Referring to fig. 16, fig. 16 is a schematic view of an embodiment of a game testing device according to an embodiment of the present application, and as shown in the drawing, the game testing device 40 includes:
the receiving module 401 is configured to receive a game image to be tested sent by a client, where the game image to be tested belongs to a game image corresponding to a game-playing state;
an obtaining module 402, configured to obtain, through the object detection model, an image recognition result of the game image to be tested, where the image recognition result includes category information of at least two detection images and position information of the at least two detection images, where the game image to be tested is received by the receiving module;
a determining module 403, configured to determine a target operation position according to the image recognition result obtained by the obtaining module, where the target operation position includes at least one to-be-operated position information;
a sending module 404, configured to send the target operation position determined by the determining module to the client, so that the client performs a simulation operation according to the target operation position;
the receiving module 401 is further configured to receive a simulation operation result sent by the client;
a generating module 405, configured to generate a game test report according to the simulation operation result received by the receiving module.

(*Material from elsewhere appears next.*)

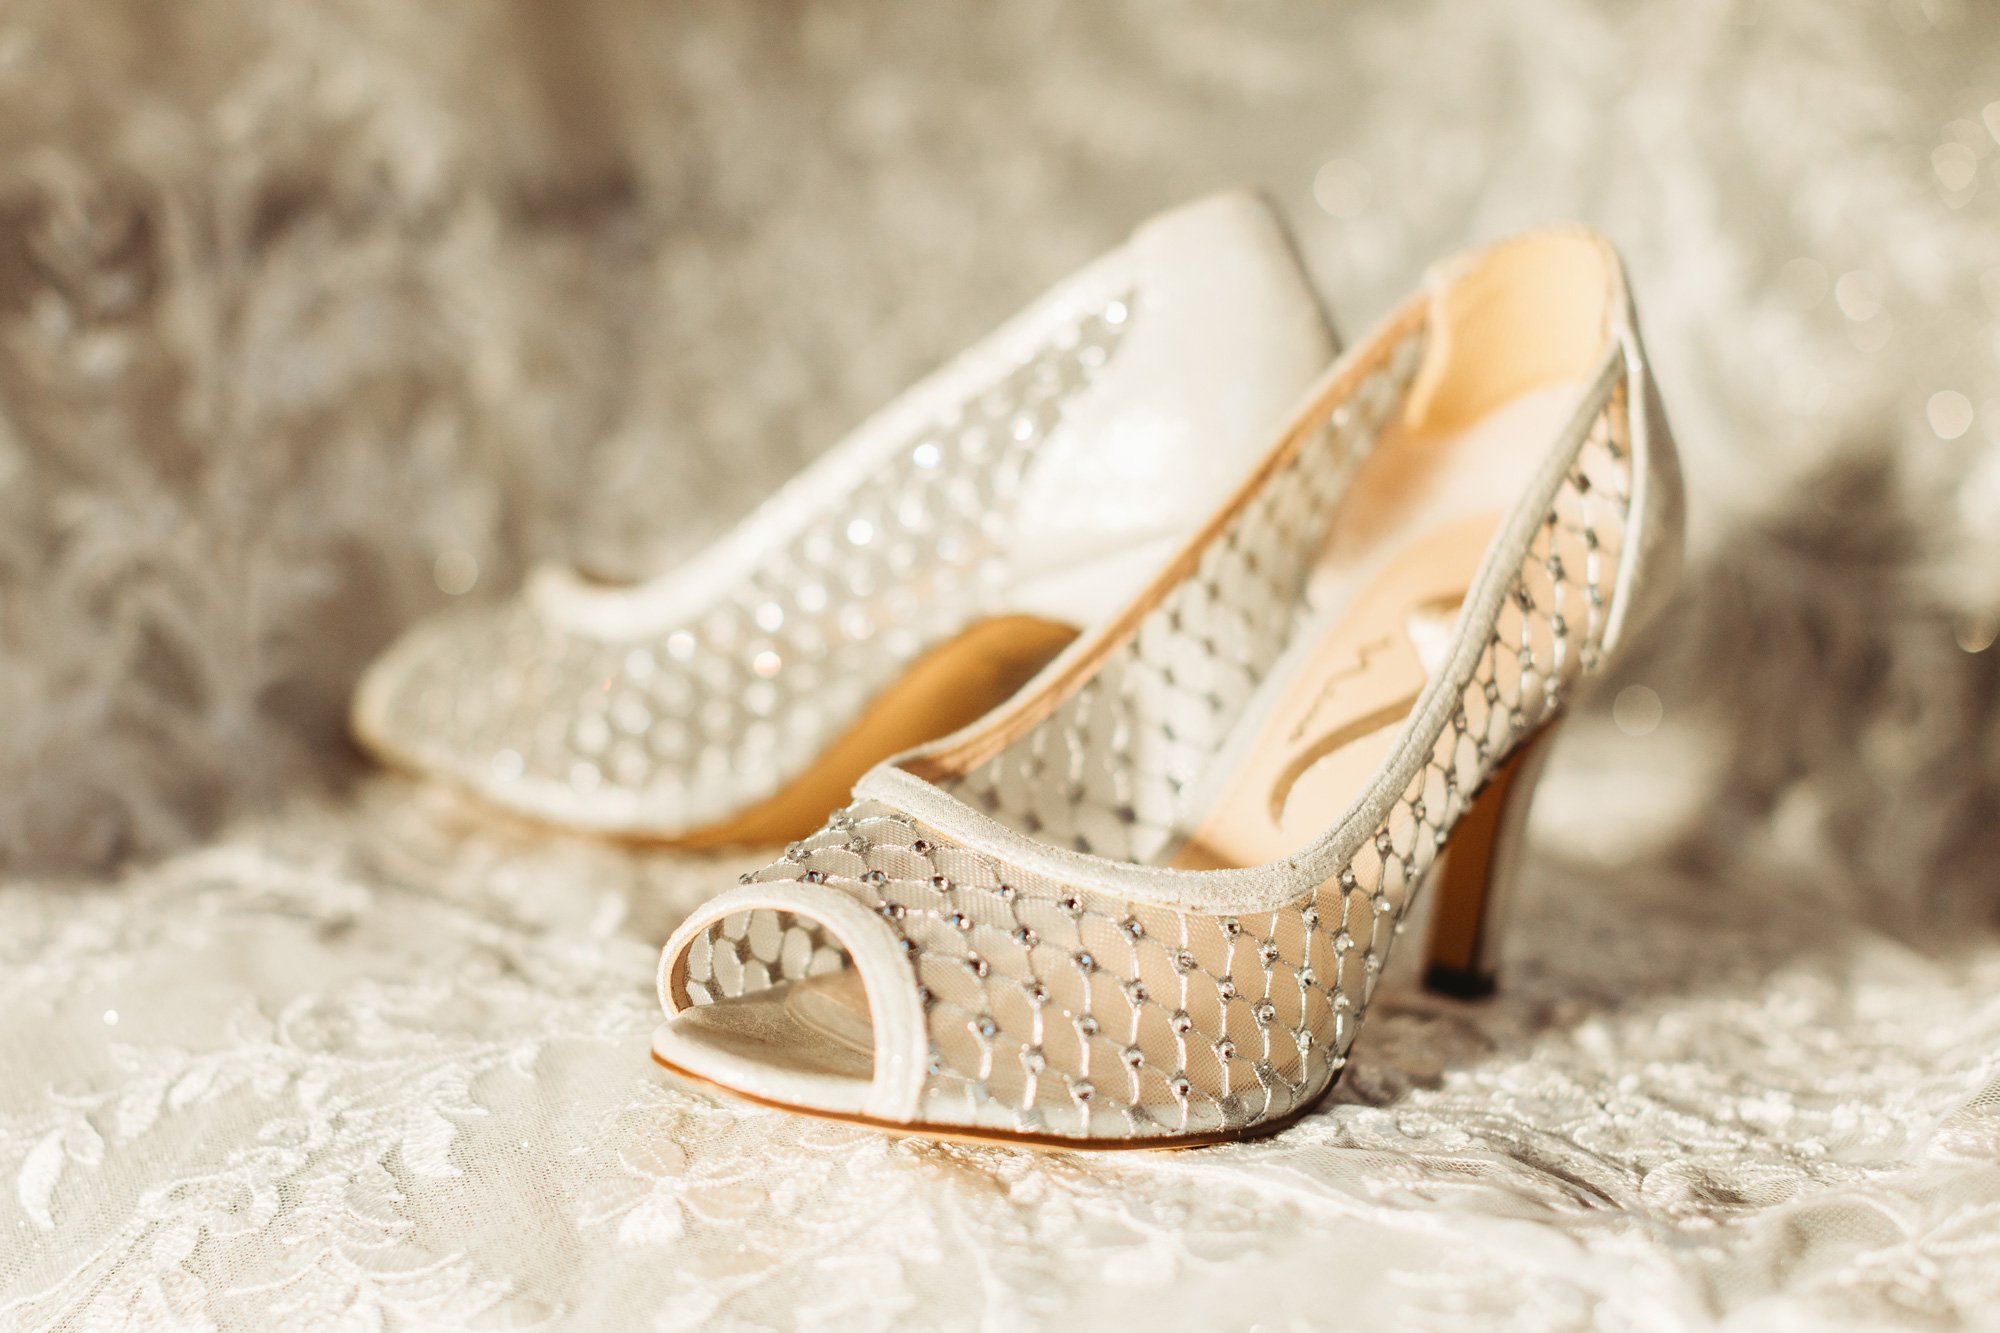  Teala Ward Photography captures details of the bridal shoes with rhinestones and peeps toes. bridal shoes elegant #TealaWardPhotography #TealaWardWeddings #WeddingLocationsIllinois #IllinoisWedding #weddingdetails #weddingphotography #married 
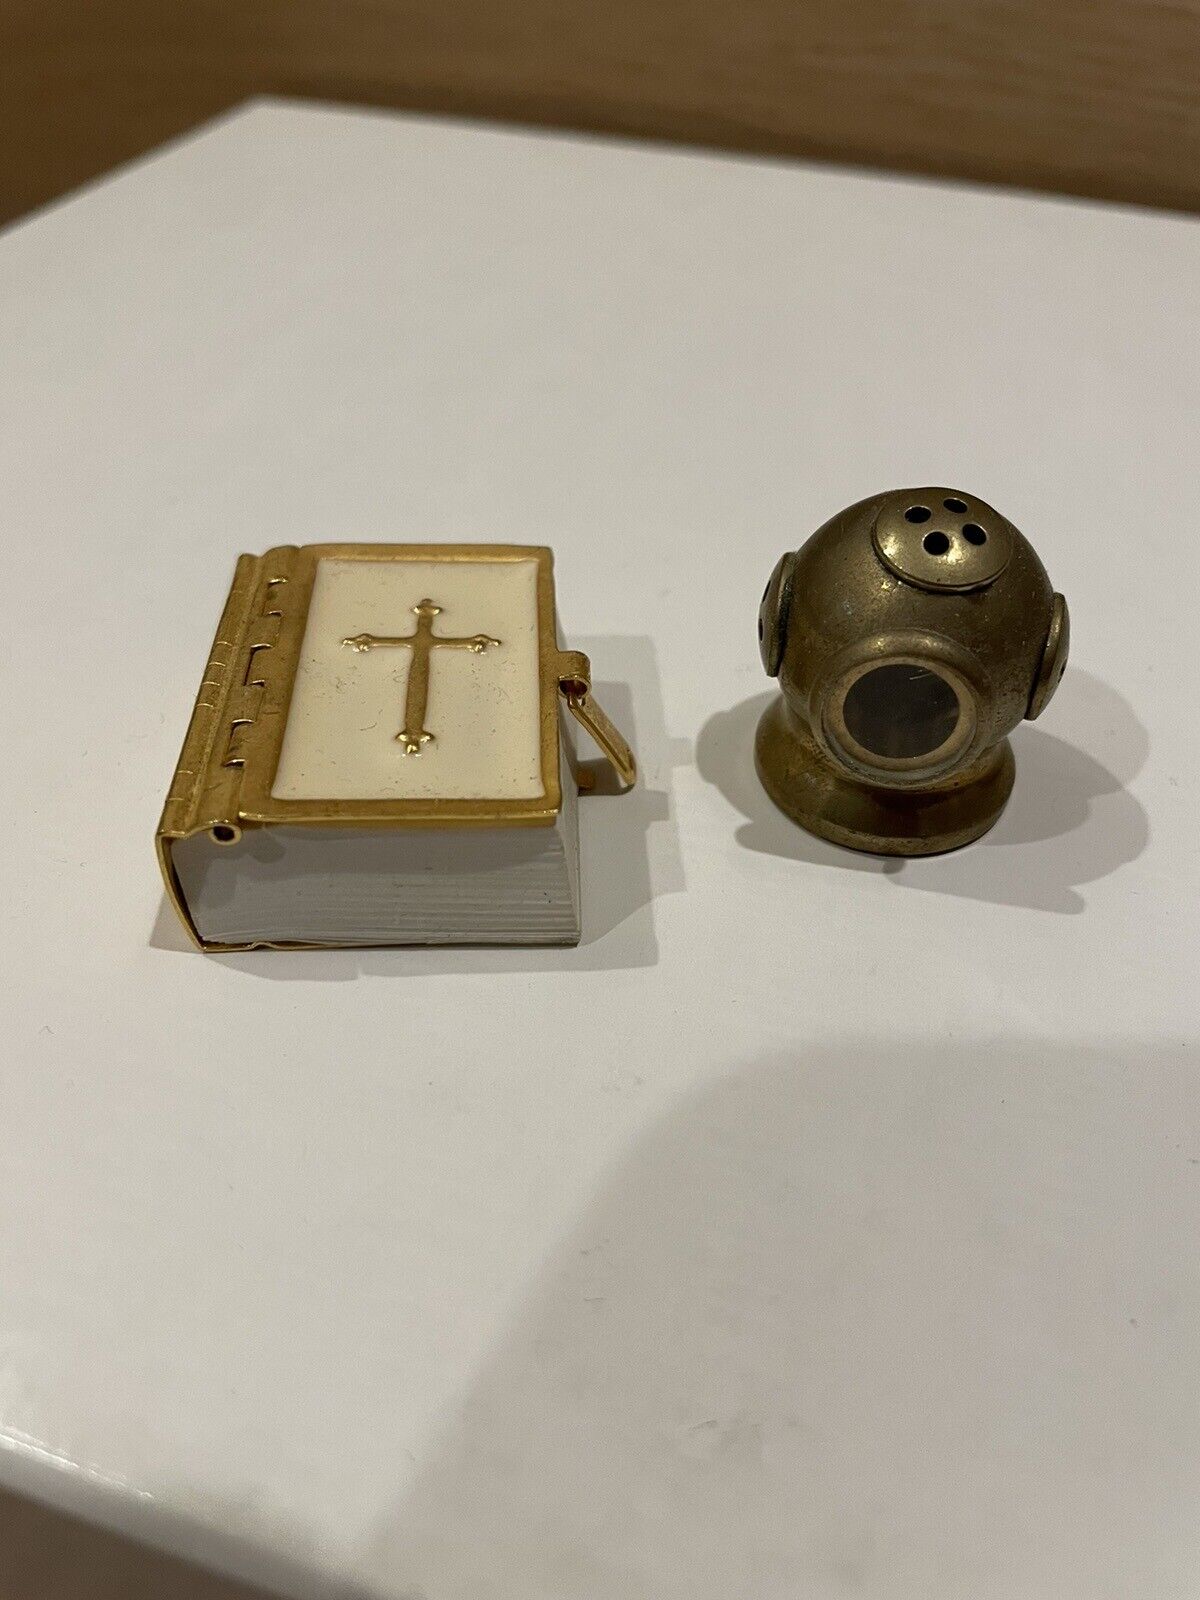 Adorable Tiny Gold and Enamel Holy Bible Miniature Really Printed

The present embodiment further provides another simulation operation apparatus and a game testing apparatus, both of which are deployed in a computer device, where the computer device may be a terminal device or a server, and reference is made to fig. 17, where fig. 17 is a schematic diagram of an embodiment of a server in the present embodiment, as shown in the figure, the computer device 500 may generate a relatively large difference due to different configurations or performances, and may include one or more Central Processing Units (CPUs) 522 (e.g., one or more processors) and a memory 532, and one or more storage media 530 (e.g., one or more mass storage devices) storing an application program 542 or data 544. Memory 532 and storage media 530 may be, among other things, transient storage or persistent storage. The program stored on the storage medium 530 may include one or more modules (not shown), each of which may include a series of instruction operations for the computer device. Still further, the central processor 522 may be configured to communicate with the storage medium 530 to execute a series of instruction operations in the storage medium 530 on the computer device 500.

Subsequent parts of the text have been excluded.